Monday, June 27, 2022

How many stars are visible to the naked eye?

It is a question that probably everyone has asked himself at least once in his life and whose answer theoretically seems simple: just take the number of stars brighter than the sixth magnitude (the limit of visibility to the naked eye) and divide it by two (the number of hemispheres).

If you look at the catalogues, you'll find there are about 5,000 stars brighter than the sixth magnitude, so of a hemisphere, you could see half of them, 2,500.

In fact, the answer to this question is much more complex than that, since we have to take into account several other factors, including the place from which we are observing, air transparency and light pollution.

The numbers found above are in fact related to an observer who sees a horizon without obstacles (such as mountains in the distance).

The number of visible stars then varies slightly depending on the location from which we are observing. In the mountains, for instance, the transparency of the atmosphere will be greater and will enable us to see weaker stars than those seen from sea level. 

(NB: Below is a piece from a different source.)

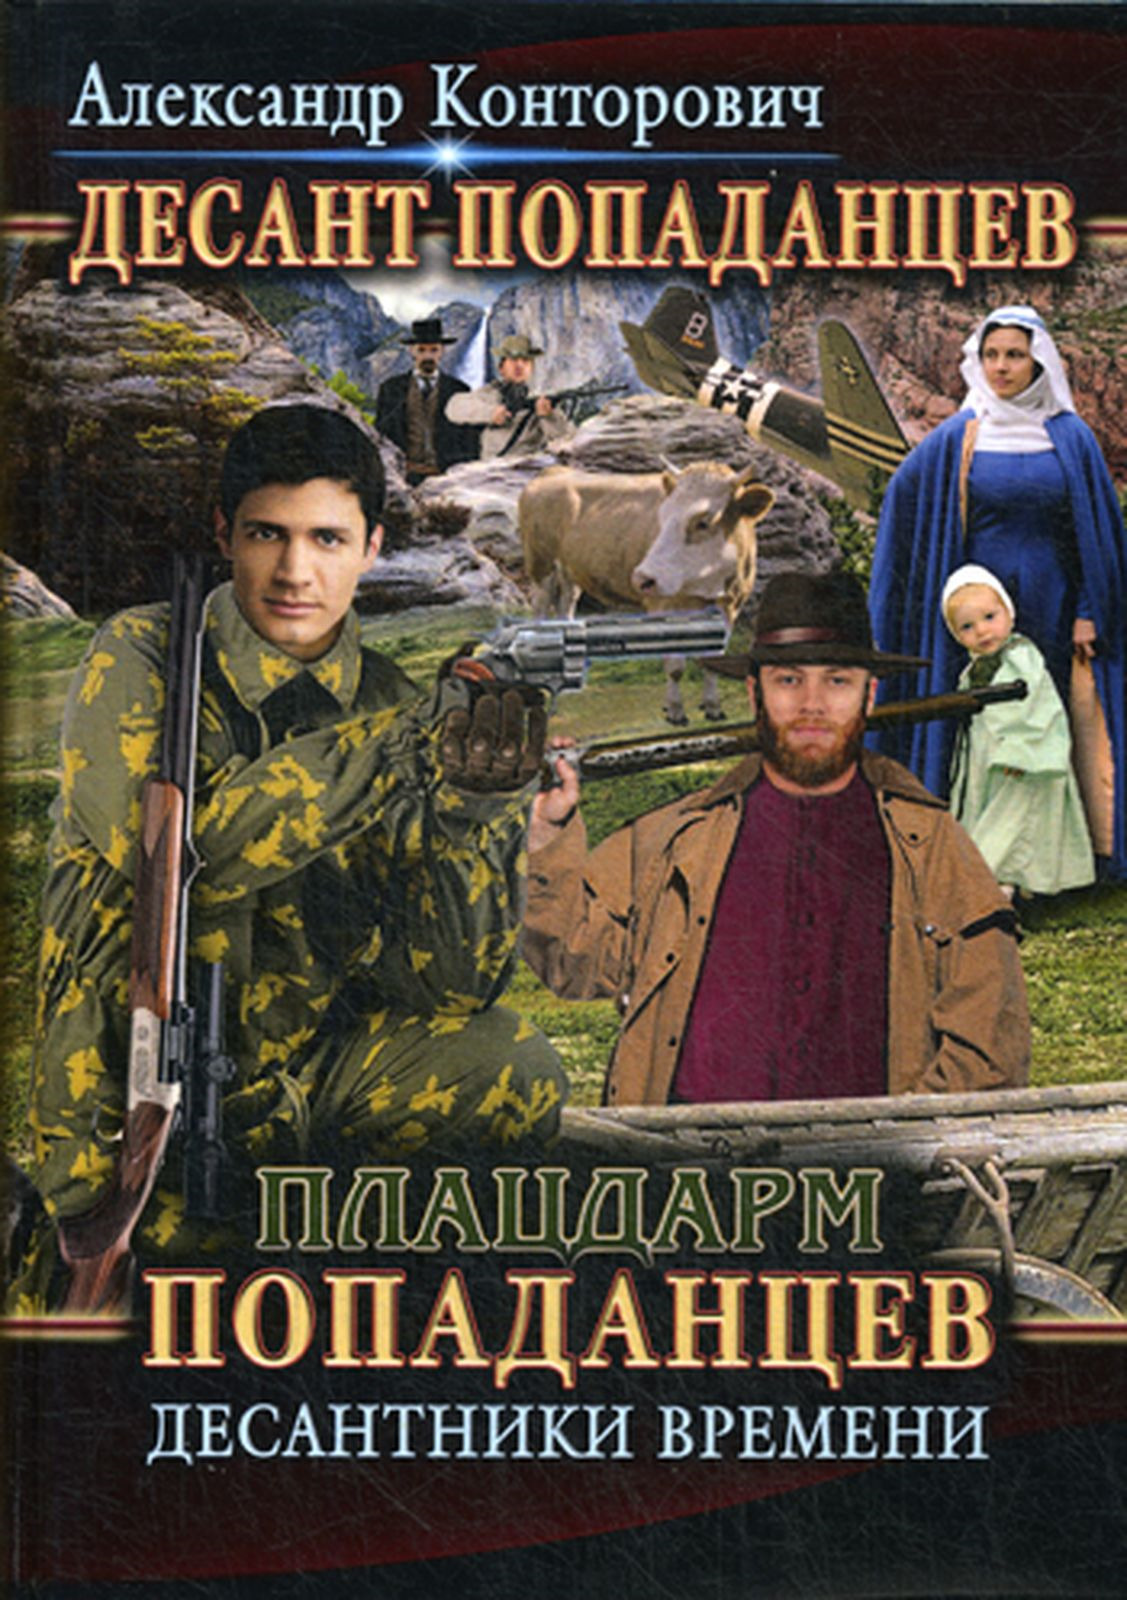 Александр Конторович Плацдарм попаданцев. Десантники времени. Книга 2

We must also consider the direction in which we are looking. At zenith you can see stars up to the sixth magnitude, while moving towards the horizon the limit magnitude changes. The light of the stars must in fact cross a higher atmospheric layer: for example, it is not possible to see beyond the fifth magnitude.

The final factor to consider is light pollution, which is the most limiting of any considered to date. Light pollution is highly variable from place to place, for example from the city center only the brightest stars are visible. 

Therefore, given all the considerations made so far it is almost impossible to give a precise number of stars visible to the naked eye without knowing the position of the observer. The number varies from the few stars visible from the city centre to the thousands of stars visible beneath a black sky in perfect condition.